As each year goes on, and work/family pressures increases, so does stress and anxiety. It is estimated that over $299 billion a year is used to stressed related injuries and claims, like being home due to work related sickness to compensation, and it is also estimated that around 40 million people suffer from some form of anxiety, whether it is a Social anxiety disorder or a form of OCD.
And this anxiety can create many symptoms, including sweating!
Sweating is not as uncommon as people think, and while medication can of course help, their side effects is not always preferred.
But why do people who suffer from anxiety, sweat?
Quite simply, anxiety-type sweating takes place when the body has to cool down from the initial surge of energy due to the natural system of the fight-or-flight response. After the initial surge of nervous energy (including adrenaline) takes place, the body warms up, and as a result, the body has to sweat.

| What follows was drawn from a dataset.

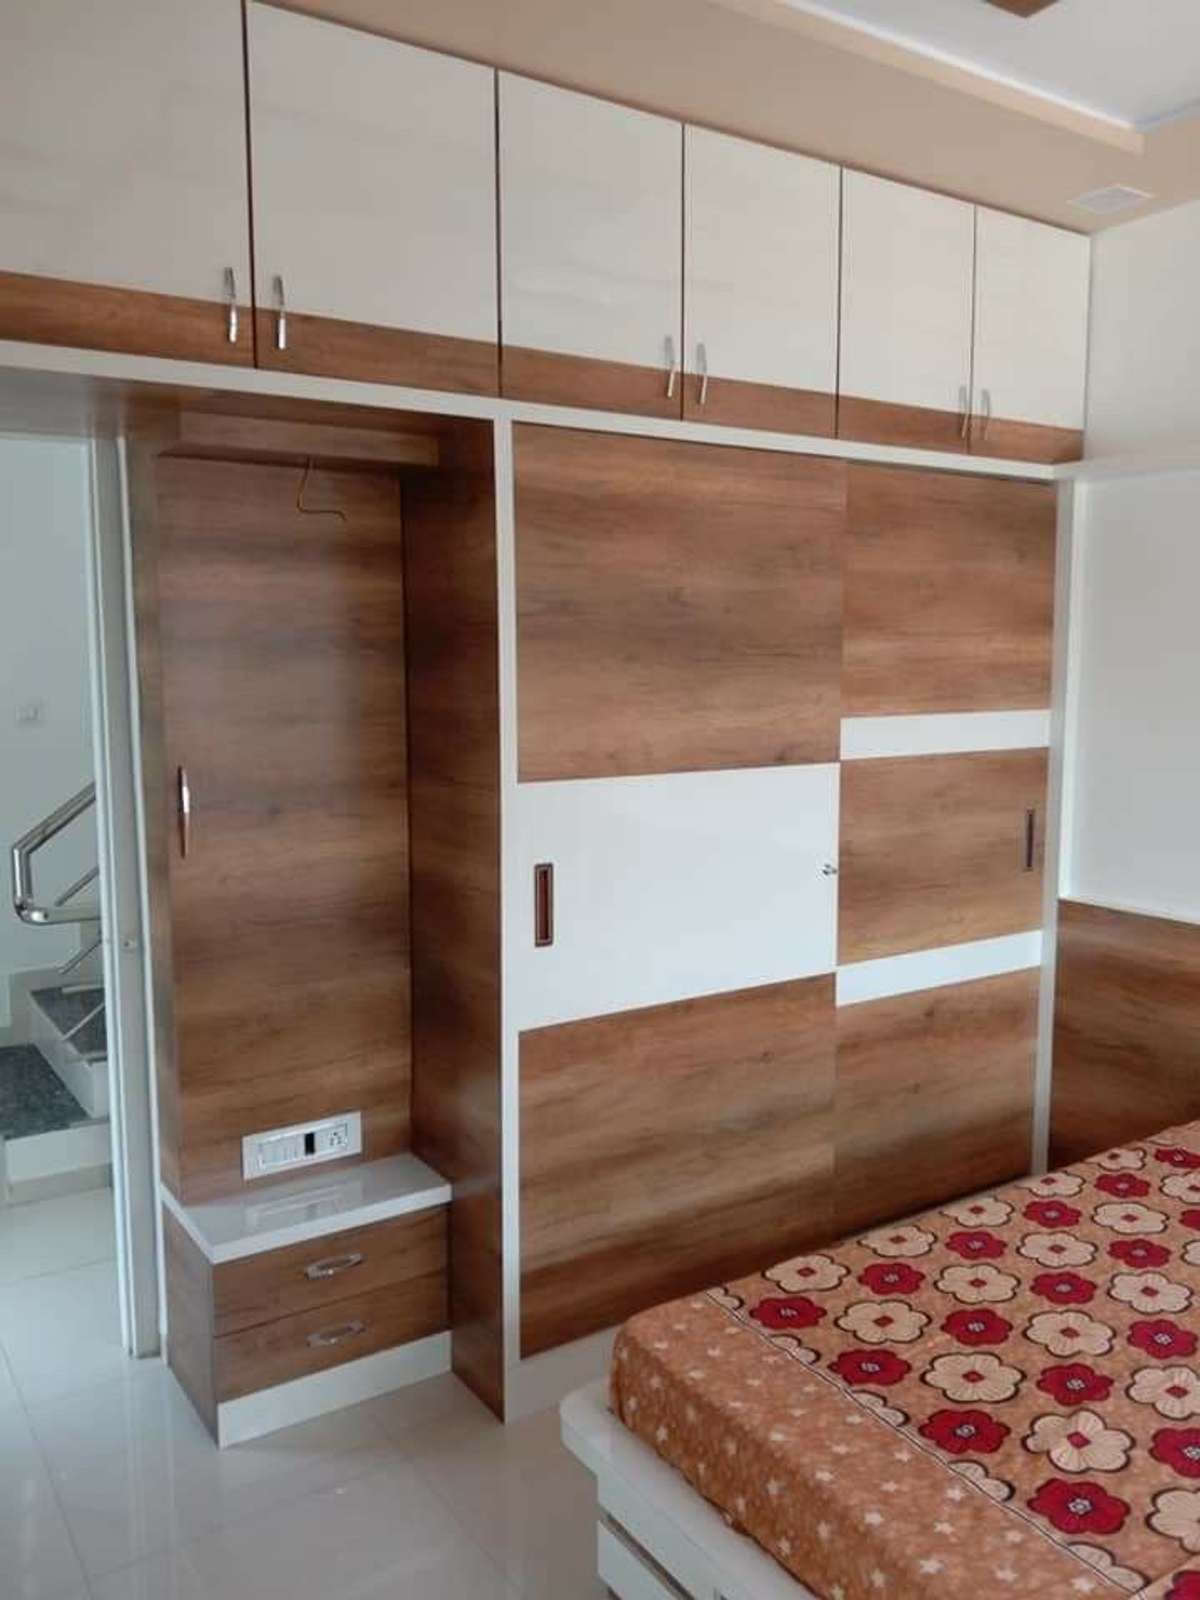 Living, Storage Designs by Carpenter Kerala Carpenters All Kerala work, Ernakulam | Kolo

This is done to help the body cool down, and sweating (in most normal cases) is a healthy and required thing. If the body gets too warm, your vital organs, including the brain, will get damaged.
The problem with people suffering from anxiety and stress, is that the sweating takes place in a non-anxiety related situation (in most cases). And then the poor individual has to essentially, ‘sweat it out’
It could be anything that can trigger the anxiety, from going to a job interview, to going to speak to someone in a public place. If you are anxious and fearful of the future, your body will naturally kick in it’s, ‘fight-or-flight’ response, and you will begin to sweat, which isn’t really fair on the poor person involved.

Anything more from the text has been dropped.